For example, a 6 x 3 rectangle has a perimeter of 18 units, and the area is 18 square units. The same number!

In two emails last year, I solved the puzzle in two different ways. Try it yourself first, or read my solutions here and here.

As they stand, these two solutions show that for some puzzles, there’s an easy way and a hard way to solve them. However, the real magic starts to happen when you combine the two answers.

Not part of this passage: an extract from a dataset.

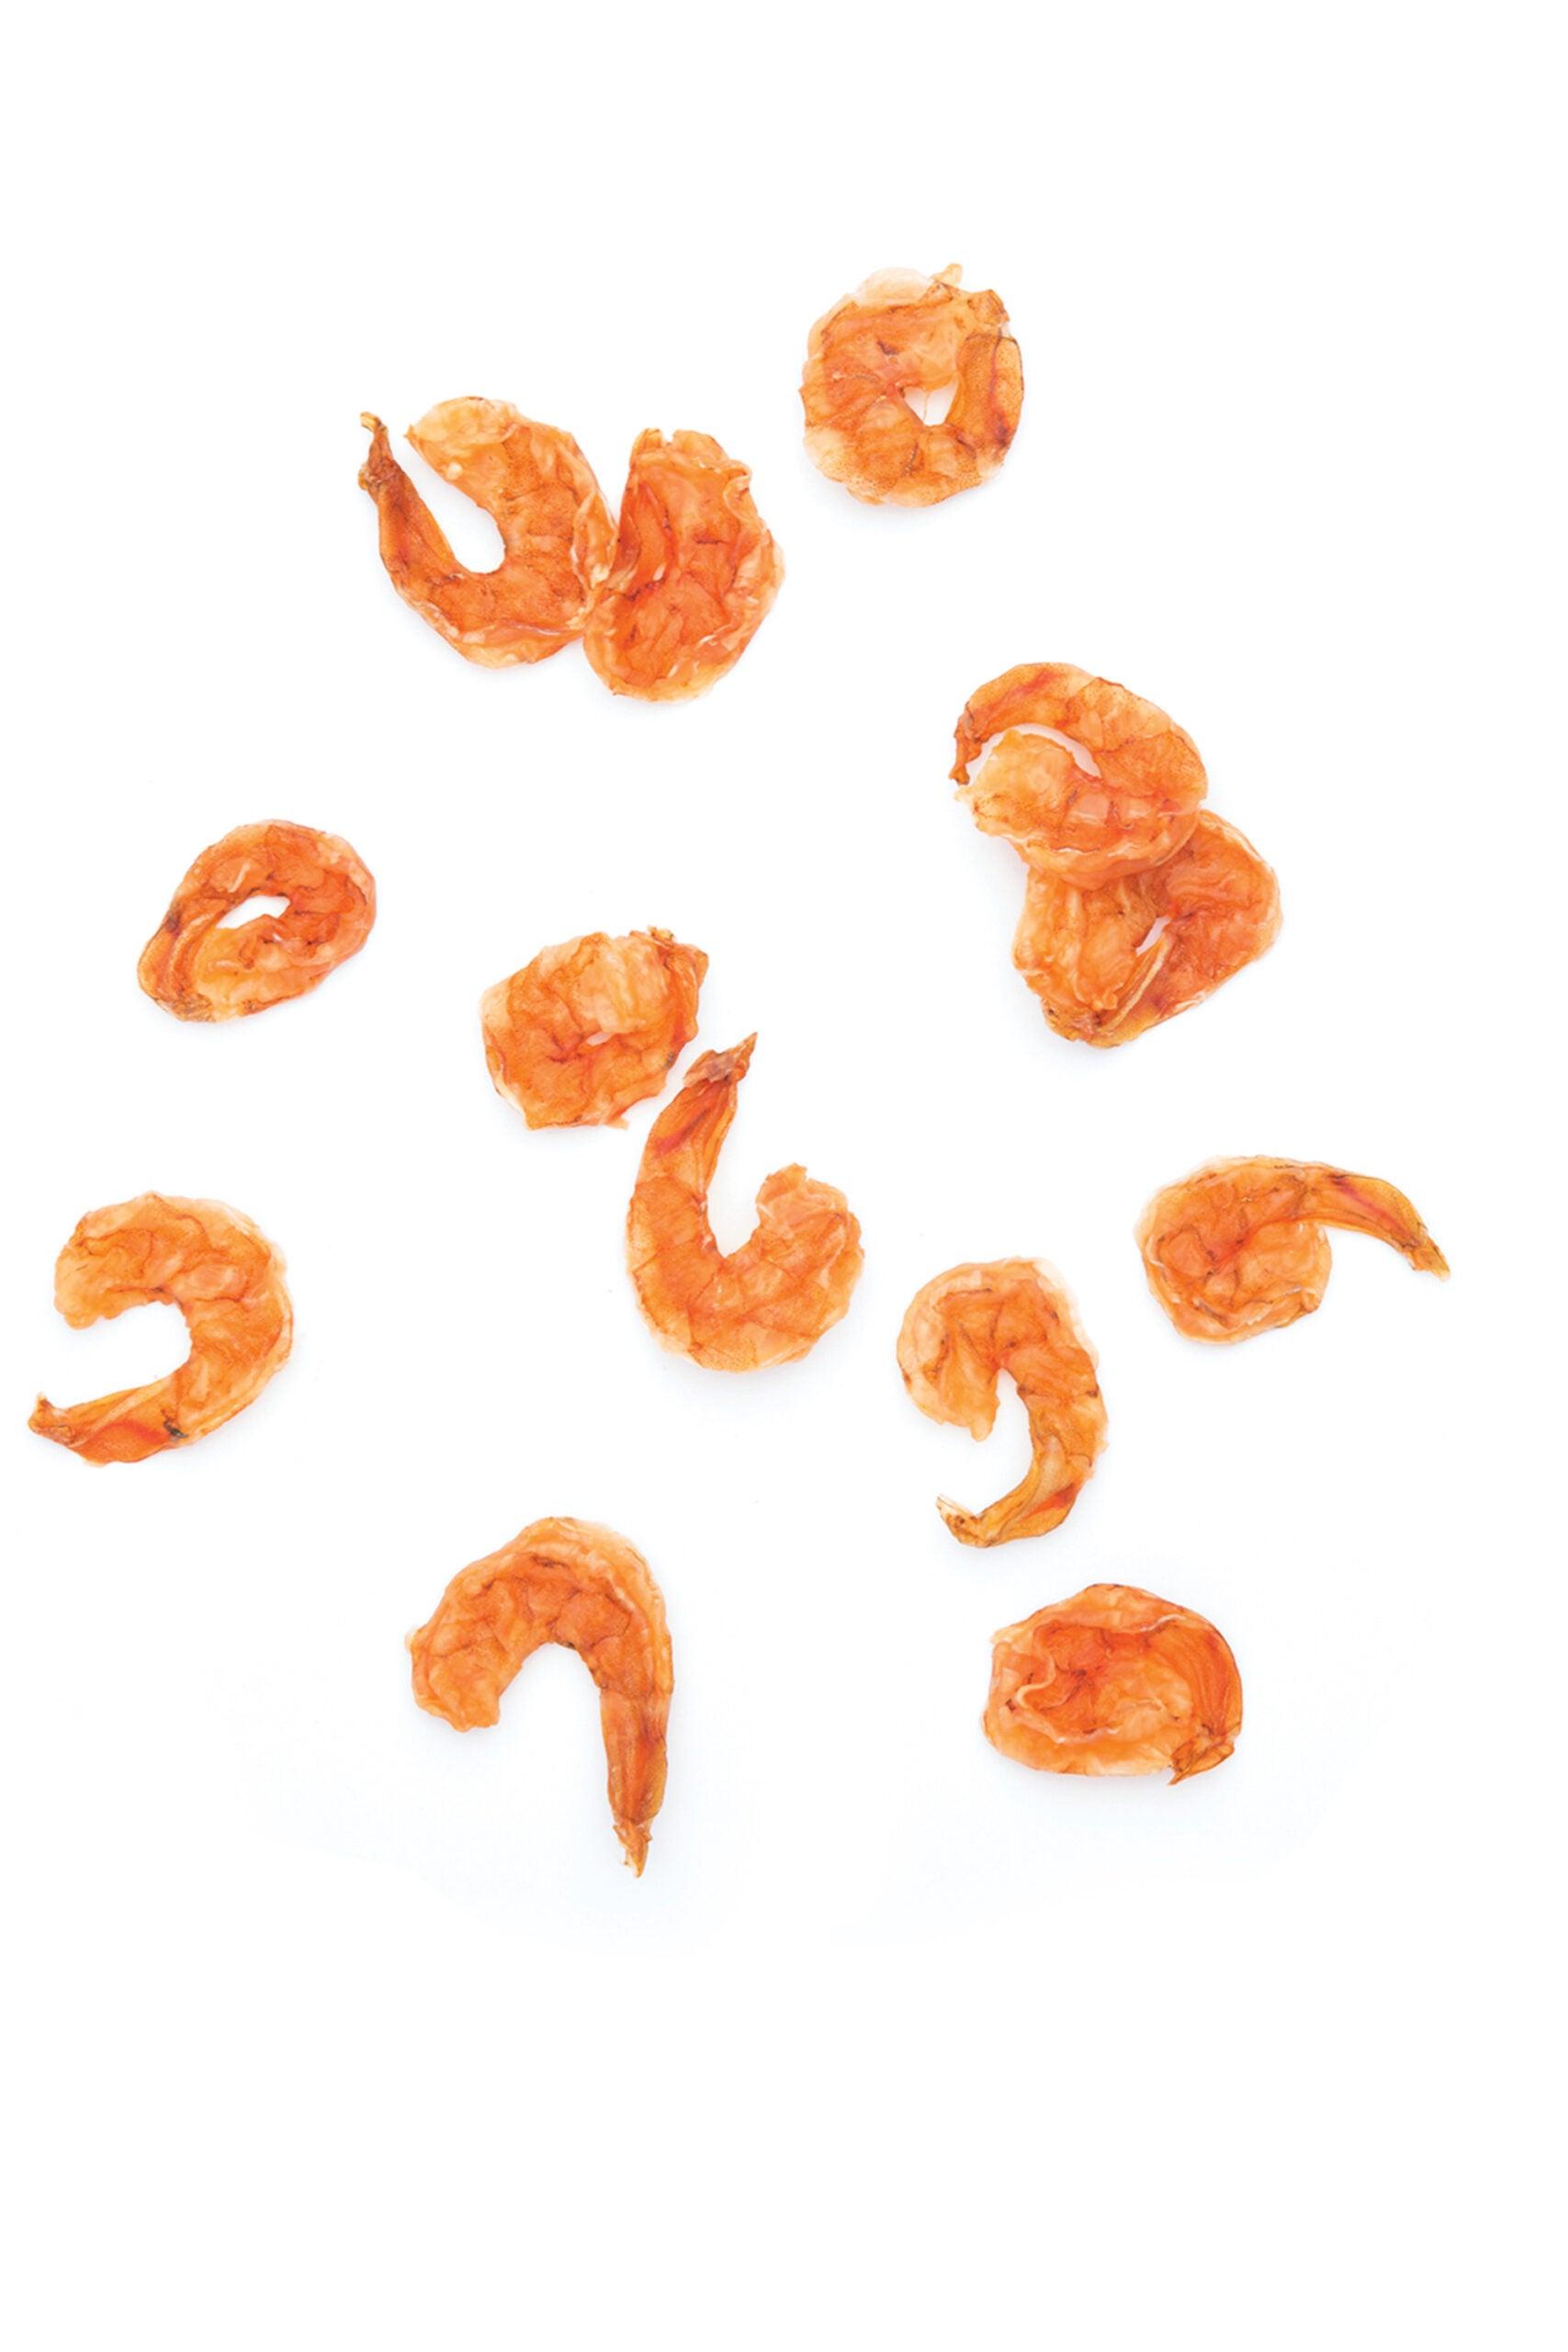 A Shrimp that Eats Like a Lobster
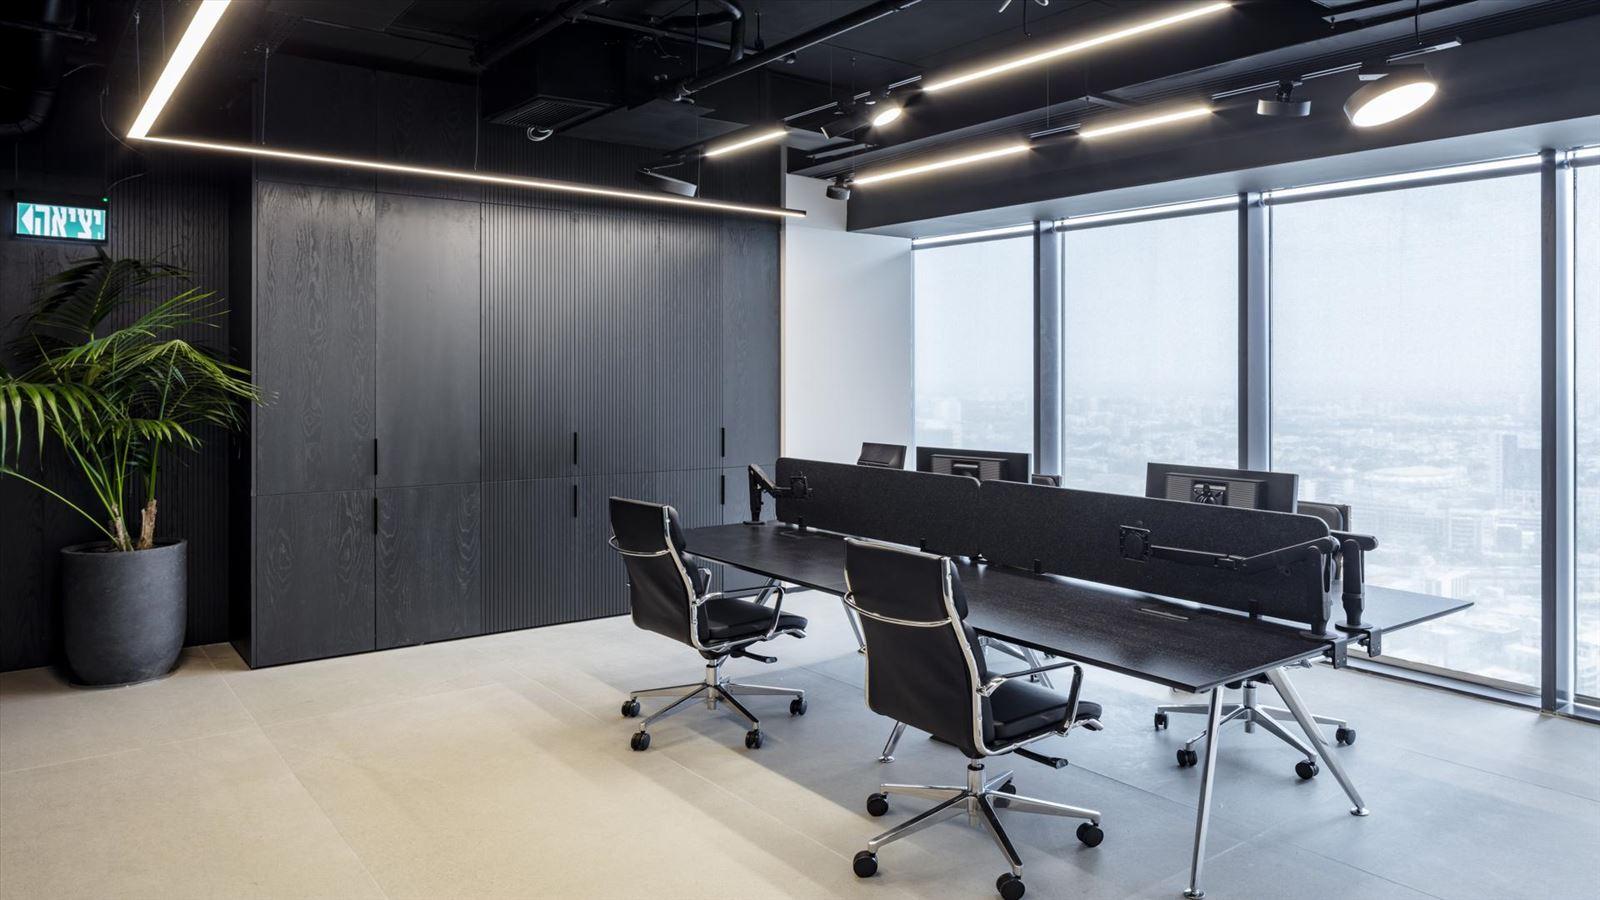 Fortissimo Offices – Tel Aviv חדר העבודה בגופי תאורה מרשימים בעיצובו של דורי קמחי

The first (harder) method says:

- Start with a pythagorean triangle with sides P, Q and R. The hypotenuse is R.
- Work out N = 8P/Q and S=8R/Q+8
- Then, work out A=(S+N)/4 and B=(S-N)/4
- The rectangle with sides A and B has area equal to the perimeter.

For example,

- Start with a 3,4,5 triangle, P=3, Q=4, R=5.
- This gives N=24/4=6, S=40/4+8 = 18.
- This in turn gives A=24/4=6 and B=12/4=3. It’s our 3×6 rectangle again!

That’s great – if you happen to have a ready supply of pythagorean triplets. Most people only know a handful off the bat.

The second method says:

- Start with a ratio T. It doesn’t have to be a whole number, fractions work fine. (In fact, T ends up being the ratio A/B of the sides of the rectangle)
- Work out A=2+2T and B=2+2/T.
- The rectangle with sides A and B has area equal to the perimeter.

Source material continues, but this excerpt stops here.